*TASK REQUIREMENTS*. Copy, exactly as written, the lines that begin at the one containing "Ahogy nálunk sokfelé" and end at the one containing "Avance de obras". Skip any pictures in the data below.

*INPUT*.
=== Begin Enclosure ===
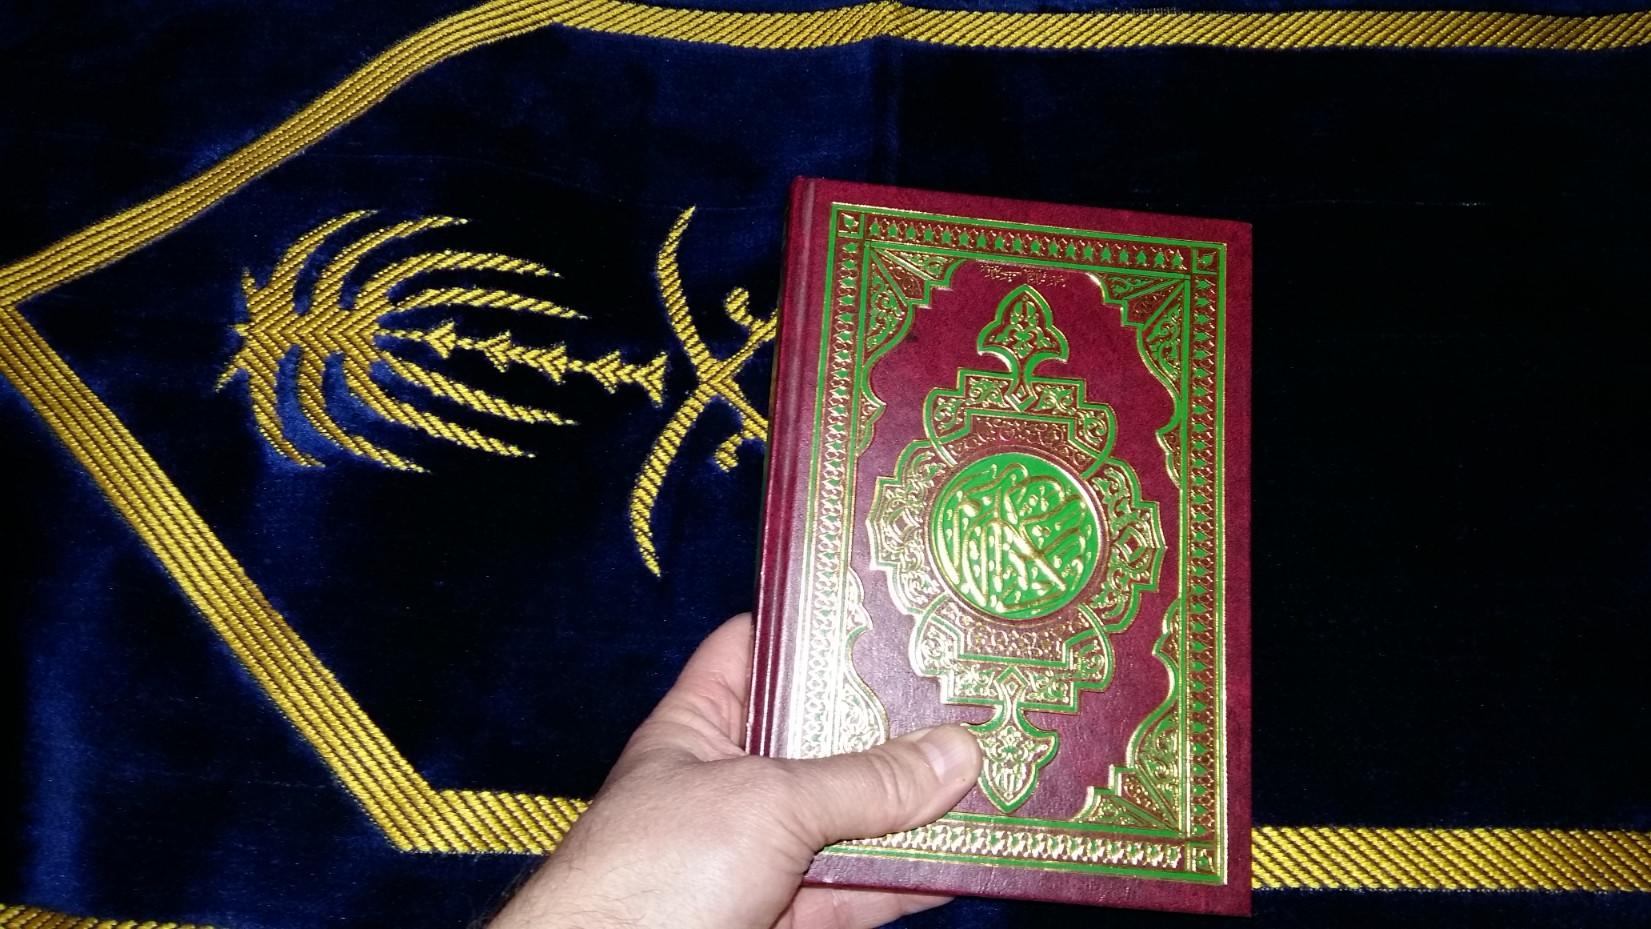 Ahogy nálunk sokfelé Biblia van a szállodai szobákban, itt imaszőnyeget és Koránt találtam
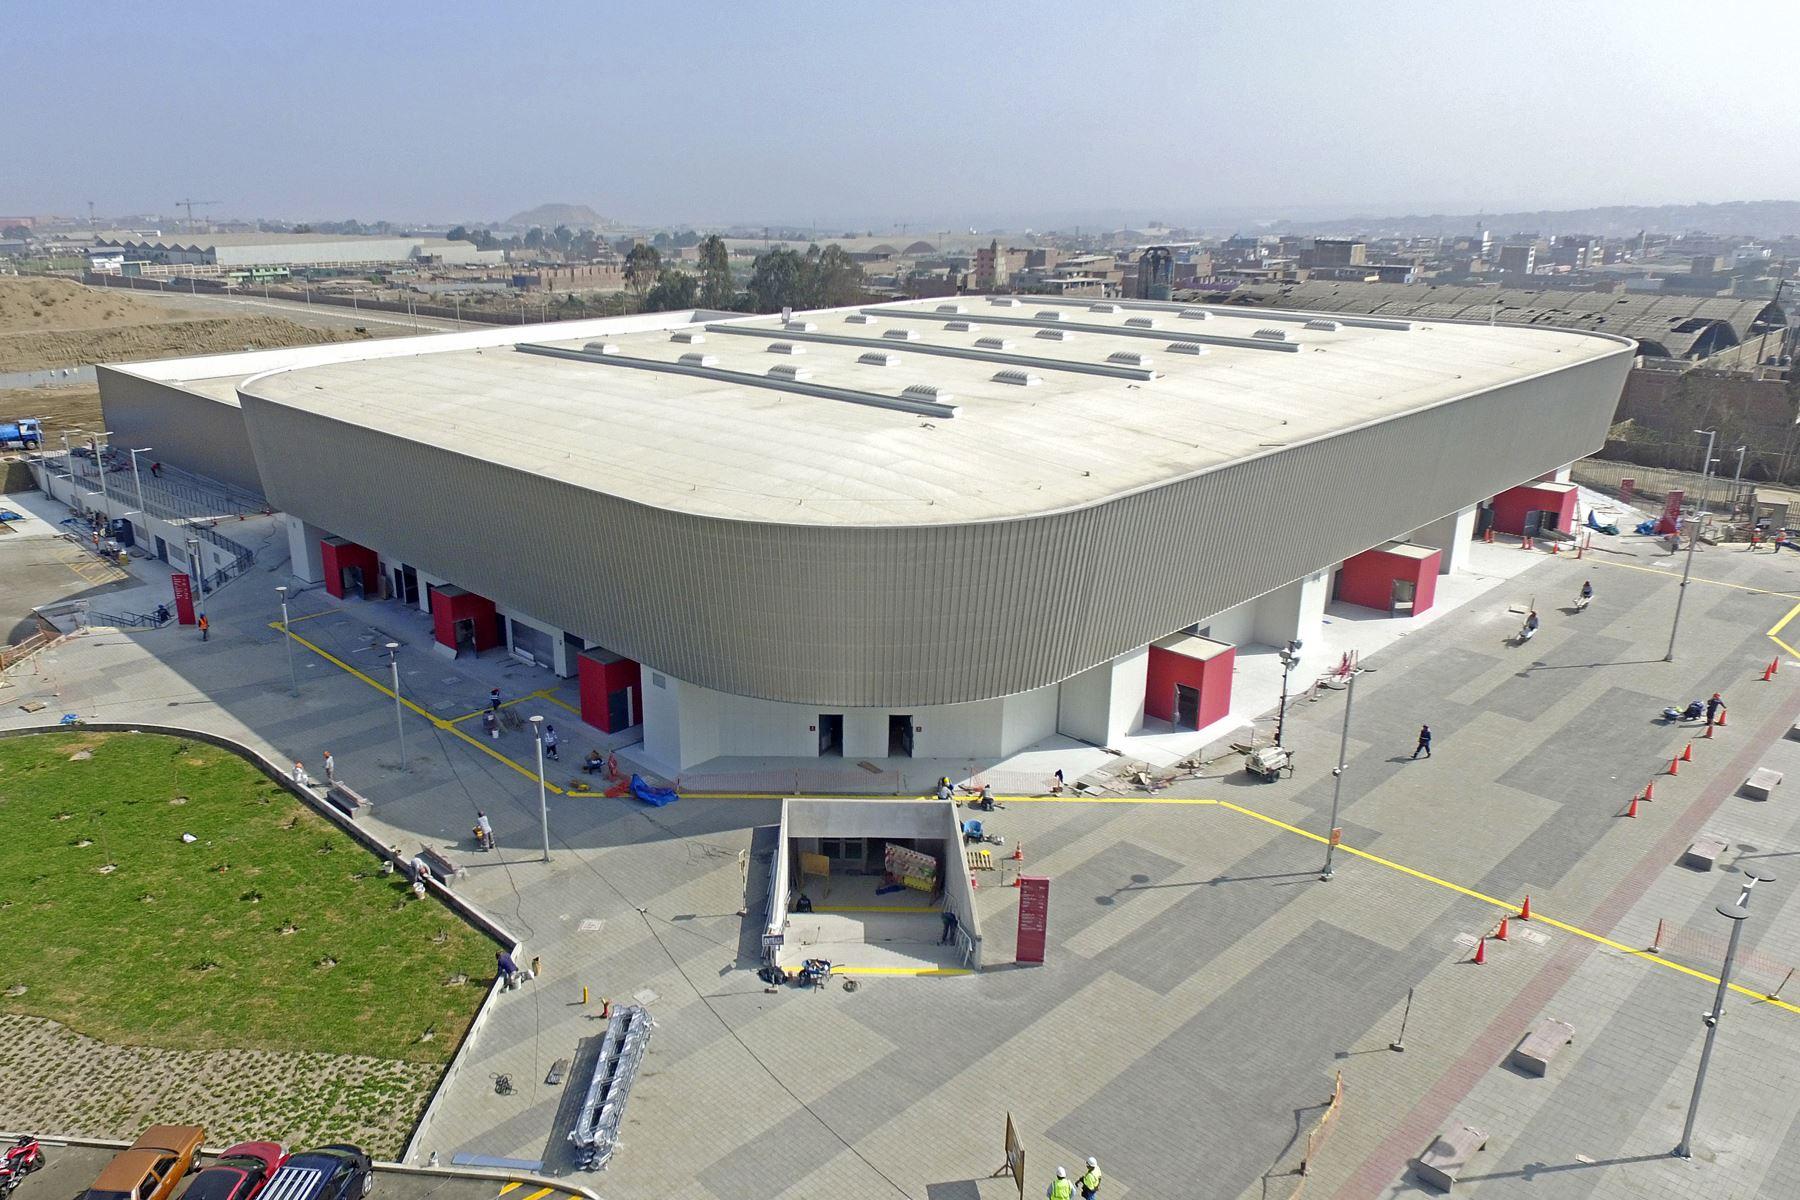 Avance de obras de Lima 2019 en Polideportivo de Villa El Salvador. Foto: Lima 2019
=== End Enclosure ===
=== Begin Enclosure ===
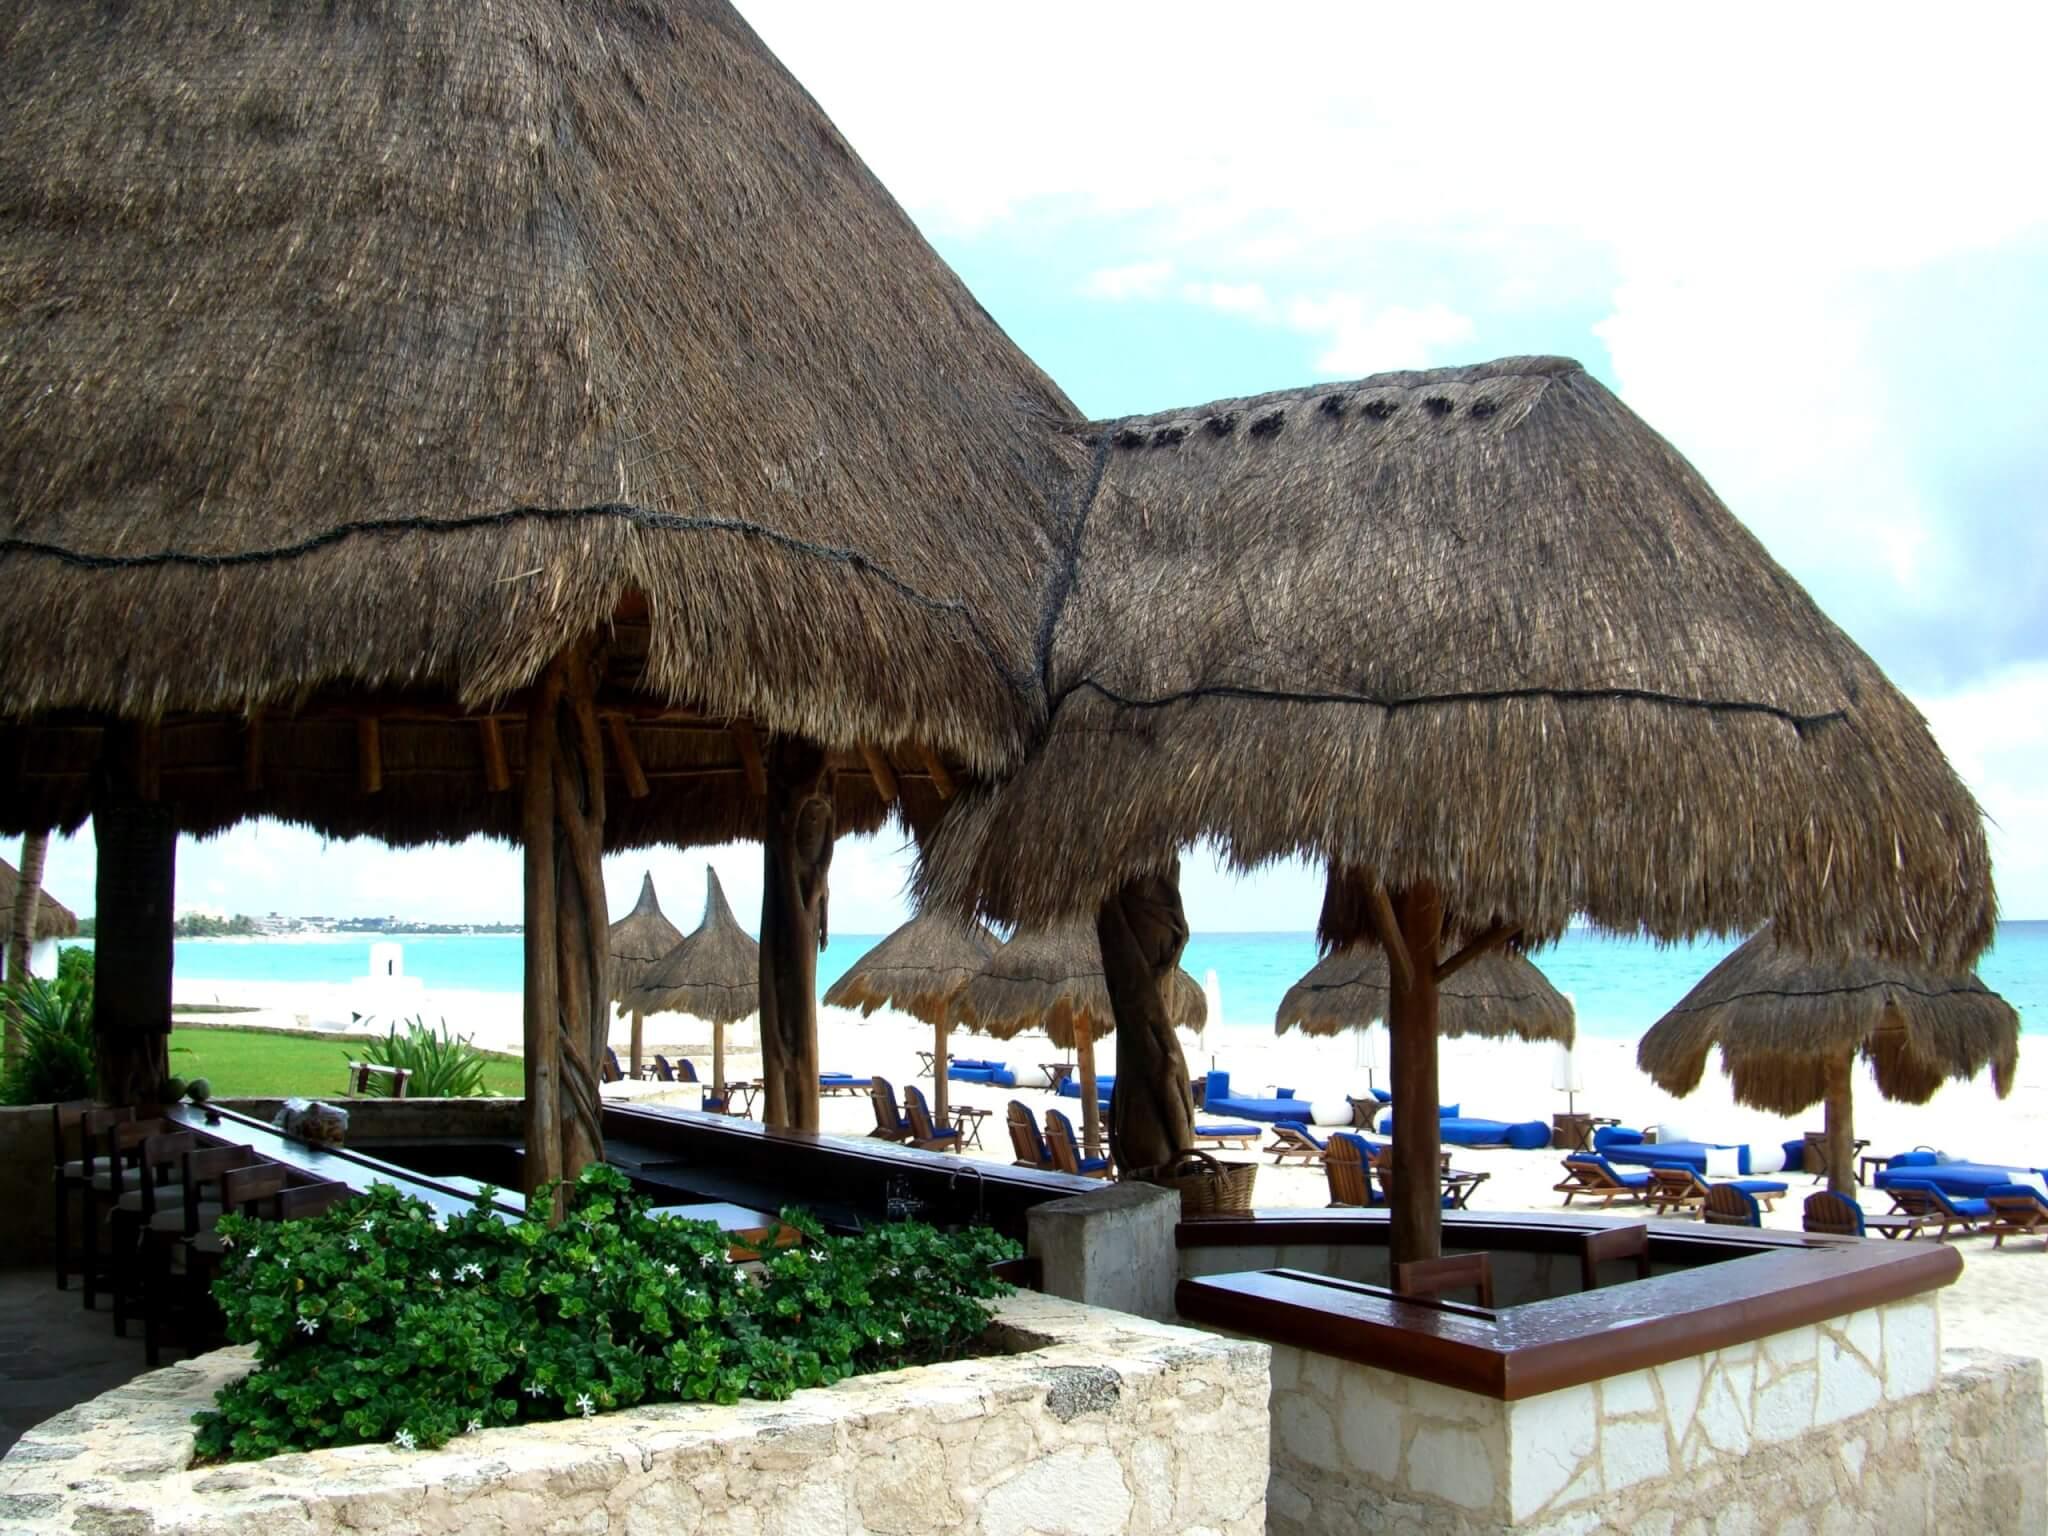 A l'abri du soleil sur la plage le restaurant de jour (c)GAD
=== End Enclosure ===
*FINAL ANSWER*.
 Ahogy nálunk sokfelé Biblia van a szállodai szobákban, itt imaszőnyeget és Koránt találtam
 Avance de obras de Lima 2019 en Polideportivo de Villa El Salvador. Foto: Lima 2019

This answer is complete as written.